Most of the time it's best to ignore the sclerotic rumblings of The New York Times' op-ed columnist William Safire, but today's jeremiad against the Kerry camp is nothing but disingenuous.
Safire spends some 700 words excoriating the Kerry campaign for drawing attention to Mary Cheney's sexual preference in the third and final presidential debate.
It's not my purpose to defend Kerry on this point. For Kerry to have brought up Mary Cheney again, after John Edwards had done it once in the vice presidential debates, was certainly a lapse of judgement, but what the Republican Party would have you believe, and this is the crux, is that by "outing" Mary Cheney, the Democrats were gunning for a cheap smear. Nothing could be further from the truth, and it is this line of attack that lays open the heart of today's GOP.
Kerry's mistake was to further subject Mary Cheney to the same public scrutiny that has plagued the family members of presidents and presidential candidates alike.
Yet amid all the hubub, it might be easy to forget why this is an issue at all. President George W. Bush pledged his support to Colorado Representative Marilyn Musgrave for a constitutional amendment to ban gay marriage three months before he made his public announcement in February of this year. Bush and the GOP intended to make gay marriage a wedge issue in a sordid attempt to divide the American public by appealing to the basest of human emotions, the fear of difference and the fear of the unknown.
One would do well to remember that all this mock outrage comes from the very same party that under former president Ronald Reagan did everything it could to distance itself from the AIDS crisis, buoyed by the belief that AIDS was merely a "gay" disease. And from the bowels of the GOP's reactionary wing, the so-called moral majority, we were told that AIDS was God's scourge on homosexuals.
To his credit Safire came out against a constitutional amendment to ban gay marriage, but regrettably he is no stranger to the art of the slur. Safire's role in amplifying the outrageous accusations that Bill and Hillary Clinton may have had a hand in the death of Vince Foster is a rancor that should not be forgotten. Safire, a man who once accused a sitting president of murder, is now chastising Senator Kerry for telling the truth.

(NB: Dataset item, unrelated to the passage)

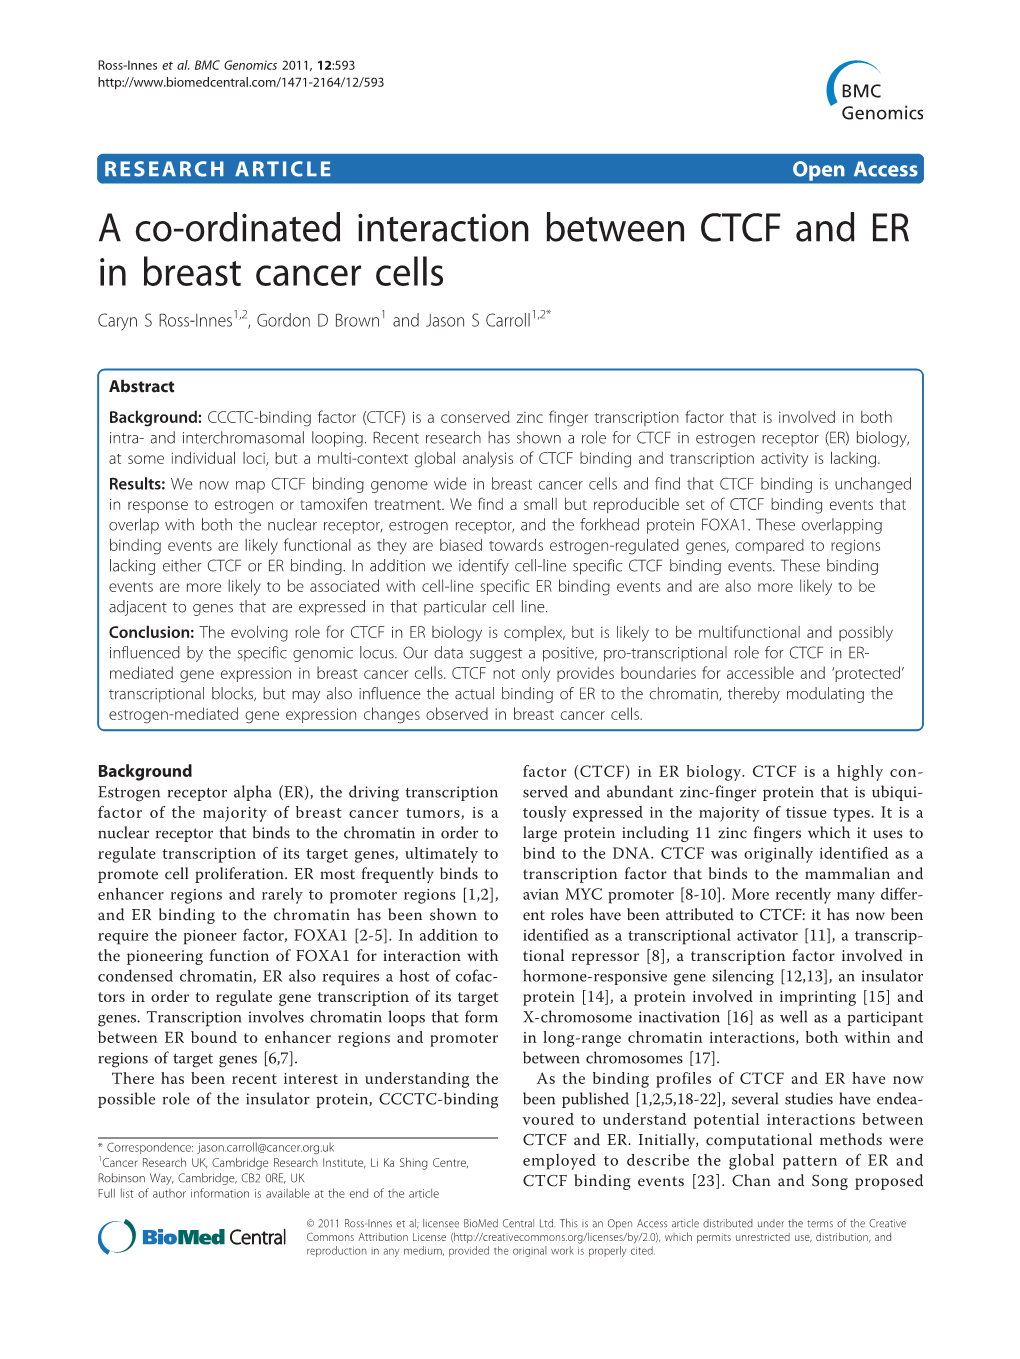 A Co-Ordinated Interaction Between CTCF and ER in Breast Cancer Cells Caryn S Ross-Innes1,2, Gordon D Brown1 and Jason S Carroll1,2*

Safire ends his column by urging Republicans to quote the words of Senator Joseph Welch:
Have you no sense of decency, sir, at long last? Have you left no sense of decency?"Yet coy Bill neglects to give this famous piece of Americana its rightful context. These words were spoken to Senator Joseph McCarthy during the Senate subcommittee on un-American activities hearings in 1954. It was a pivotal moment that both undermined McCarthy's communist witchhunt, and eventually destroyed his reputation.
William Safire has no moral integrity. Drawing a parallel between Kerry's poorly thought out gambit and the slanderous lies of the McCarthy era is scabrous, cheap and intellectually dishonest.